# Observable Trends

## 1. The player base that makes purchases is predominently male. 

### As shown below, 84 percent of players that made purchses were male. Male players made almost six times more purchases than female players, and spent almost 5 tmes more money on items, and as shown in the tables below. 

In [1]:

import pandas as pd
file_to_load = "C:\\Users\\Owner\\Downloads\\heros.csv"
data = pd.read_csv(file_to_load)
#Take only Gender and Screen Name columns
players = data[["Gender", "SN"]]
#Remove duplicates to avoid double counting players that made multiple purchases
unique_players = pd.DataFrame.drop_duplicates(players)
#Find number of players who made purchases by gender
gender_counts = unique_players["Gender"].value_counts().tolist()
#Find percent of players that made purchases by gender
gender_percentages = unique_players["Gender"].value_counts(normalize = True)
gender_percentages = gender_percentages * 100
gender_percentages = gender_percentages.tolist()
#Put above values into a dataframe
gender_summary = list(zip(gender_counts, gender_percentages))
gender_df = pd.DataFrame(gender_summary, columns = ["Counts", "Percentages"], index = ["Males", "Females", "Other"])
gender_df = gender_df.style.format({"Percentages":"{:,.2f}%"})
gender_df



Unnamed: 0,Counts,Percentages
Males,484,84.03%
Females,81,14.06%
Other,11,1.91%


In [2]:
#Find total spent per person 
SNGendersum = data.groupby(['SN', 'Gender'])['Price'].sum()
#Find average purchase amount per person by gender
SNGenderavg = SNGendersum.groupby(["Gender"]).mean().tolist()
#Find average amount spent per purchase by gender
Genderavg = data.groupby(["Gender"])["Price"].mean().tolist()
#Find purchase count by gender
GendercountP = data.groupby(["Gender"])["Price"].count().tolist()
#Find total amount spent by gender
Gendertotal = data.groupby(["Gender"])["Price"].sum().tolist()
#Put above values into a dataframe
gender_Price_summary = list(zip(GendercountP,Genderavg, Gendertotal, SNGenderavg))
gender_price_df = pd.DataFrame(gender_Price_summary, columns = ["Purchase Count", "Average Purchase Price", "Total Purchase Price", "Average Total Purchase per Person"], index = ["Females", "Males", "Other"])
gender_price_df = gender_price_df.style.format({
                                "Average Purchase Price":"${:,.2f}",
                                "Total Purchase Price":"${:,.2f}",
                                "Average Total Purchase per Person":"${:,.2f}"})
gender_price_df

Unnamed: 0,Purchase Count,Average Purchase Price,Total Purchase Price,Average Total Purchase per Person
Females,113,$3.20,$361.94,$4.47
Males,652,$3.02,"$1,967.64",$4.07
Other,15,$3.35,$50.19,$4.56


## 2. The player base that spends money is mostly between 15 and 29 years old. 
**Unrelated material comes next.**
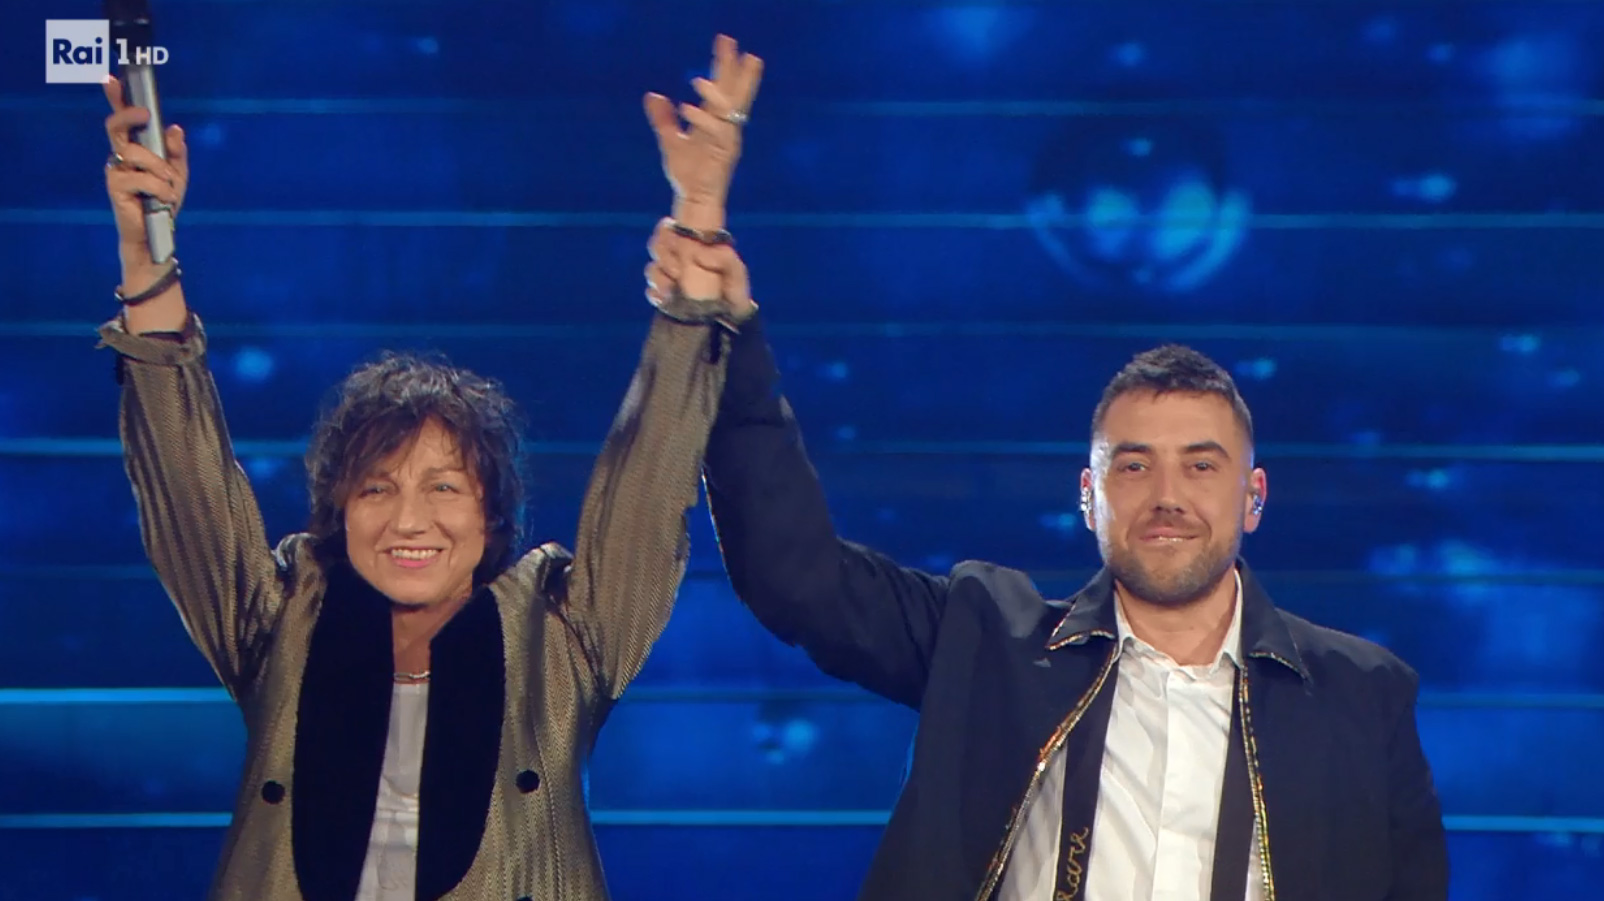 Gianna Nannini con Coez cantano 'Motivo' nella Quarta Serata di Sanremo 2020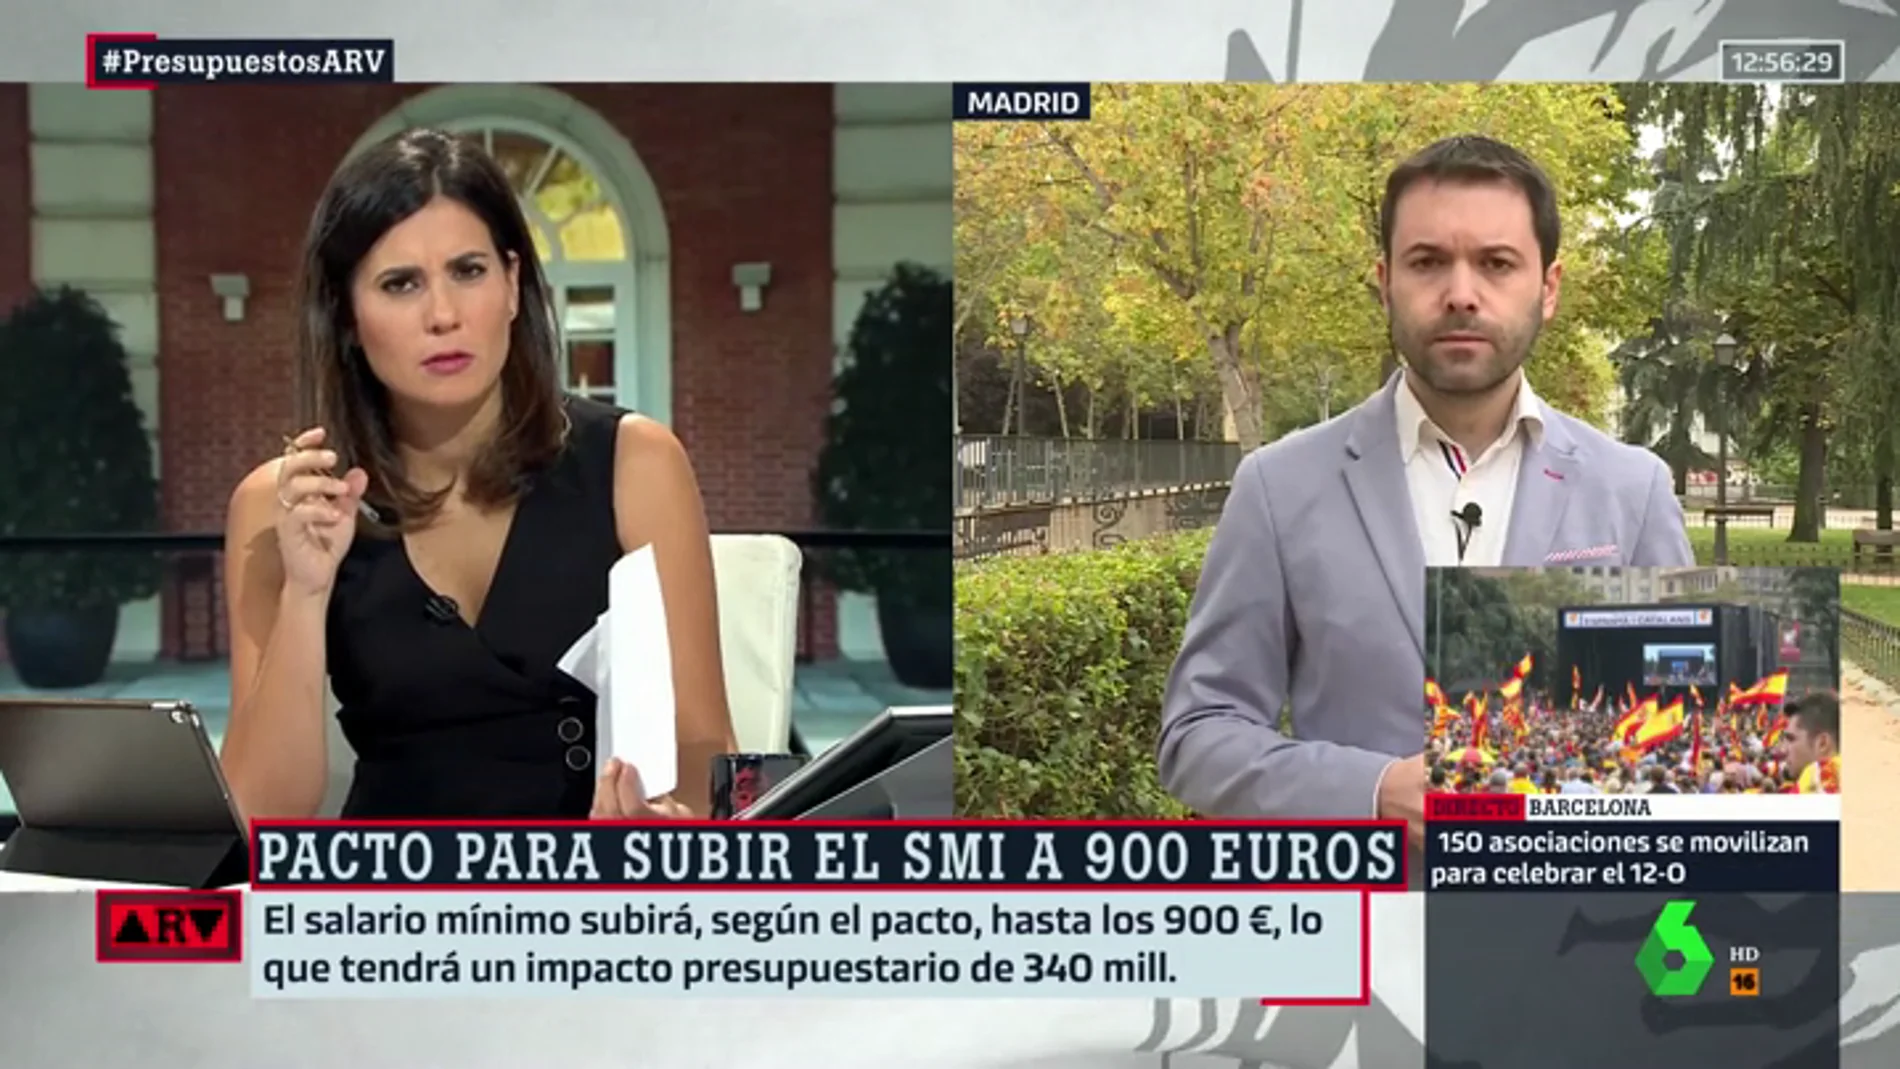 Juan Ramón, tras el acuerdo entre Gobierno y Podemos: "Las previsiones de ingresos casi nunca son realistas"

### 76 percent of players that spent money were between 15 and 29 years old, with 44 percent being between 20 and 24 years old. The player base that soends money is predominently young, as shown in the table below. 

In [3]:
## Age Demographics
#Take only age and screen name columns
players_age = data[["SN", "Age"]]
#remove duplicate players to avoid double couting
unique_players_age = pd.DataFrame.drop_duplicates(players_age)
#create bins and assign labels to them
bins = [0, 9, 14, 19, 24, 29, 34, 39, 100]
labels = ["<10","10-14","15-19", "20-24", "25-29", "30-34", "35-39", "40+"]
#Create a list of the bins that each player belongs to and find the count of the number of players in each 
Age_bins = pd.cut(unique_players_age['Age'], bins=bins, labels=labels).value_counts(sort = False)
#Find percent of players in each age bin
Age_Percents = pd.cut(unique_players_age['Age'], bins=bins, labels=labels).value_counts(normalize = True, sort = False) * 100
#Create dataframe with above values
Age_summary = list(zip(Age_bins, Age_Percents))
Age_df = pd.DataFrame(Age_summary, columns = ["Total Count", "Percentage of Players"], index = labels)
Age_df = Age_df.style.format({"Percentage of Players":"{:,.2f}%"})
Age_df

Unnamed: 0,Total Count,Percentage of Players
<10,17,2.95%
10-14,22,3.82%
15-19,107,18.58%
20-24,258,44.79%
25-29,77,13.37%
30-34,52,9.03%
35-39,31,5.38%
40+,12,2.08%


## 3. Profits seem to rely on many small purchases and many items.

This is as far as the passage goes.